Sorry if this has been posted already, but is there an *easy* way for me to take my latest CWR Nandroid backup, and change it into an SBF file?

It would save me a lot of time if/when I break my phone from experimenting. I had to recover my phone this morning, which meant about an hour to install a Verizon SBF, activating, rooting, reboots, bootstrap install, ROM manager install, latest CWR install, and finally recovering to my last Nandroid backup.

Thanks!


----------



## joeblow789 (Oct 8, 2011)

I've never attempted that & am no expert, but maybe this will get you close:
http://forum.xda-developers.com/showpost.php?p=27957587&postcount=1545
Also, maybe this guy knows some tricks:
http://www.droidforums.net/forum/droid-2-hacks/161849-tool-ezsbf.html
If any of this works, or you figure out anything that makes the process easier, let us know!


----------



## Gasai Yuno (Jul 25, 2011)

Short answer is no.

SBF is an image of the phone's flash memory, byte by byte, usually signed.

CWM's backup are either TAR archives or (older versions) filesystem images which cannot be signed since you lack the required keys (and I doubt the format CWM uses is compatible with the bootloader's flashing subsystem).

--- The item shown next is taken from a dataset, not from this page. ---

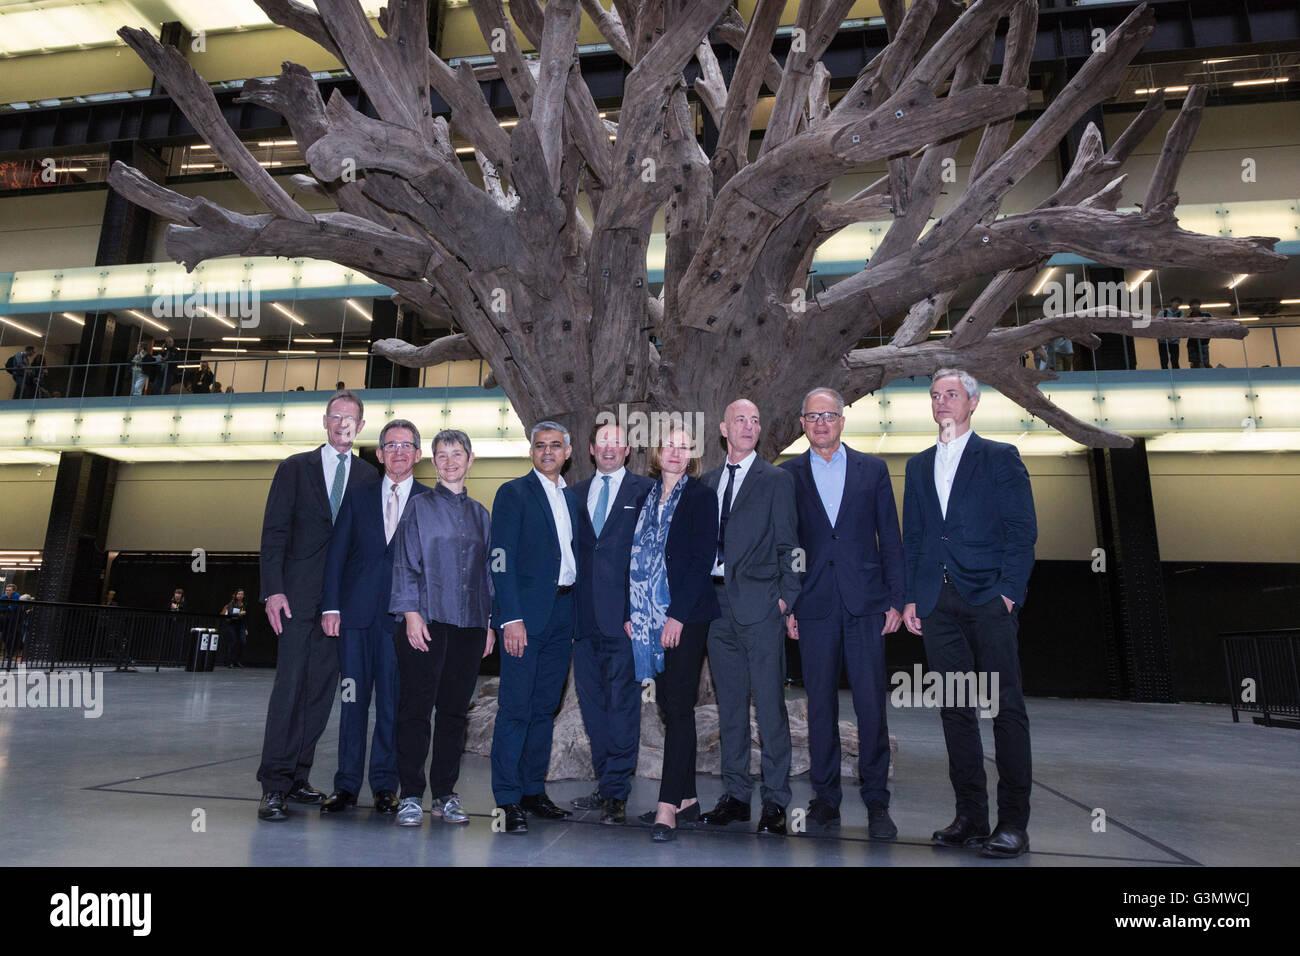 London, UK. 14 June 2016. L-R: Sir Nicholas Serota, Lord Browne, Frances Morris, Sadiq Khan, Ed Vaizey, Kerstin - Stock Image

There's a possibility that /system doesn't require a key, but I highly doubt it, as all custom SBF images we have are made up of signed components obtained from disassembling already existing official SBF images.


----------



## Crocadile (Aug 21, 2011)

Alright, is there an easier way for me to recover other than the method I already mentioned?

Thanks for the reply btw, that was very detailed!

Sent from my DROID2 GLOBAL using Tapatalk 2


----------



## Gasai Yuno (Jul 25, 2011)

Alas, it's the only way. After you flash an SBF image, you do need to re-root, reinstall CWM and update it with ROM Manager to get it to load newer backups.

I don't see any possible shortcuts here, unless koush updates CWM that comes with Droid 2 Bootstrap Recovery to the latest version.

You can, though, modify the one-click root script for it to load CWM and ROM Manager onto the phone during the rooting process.


----------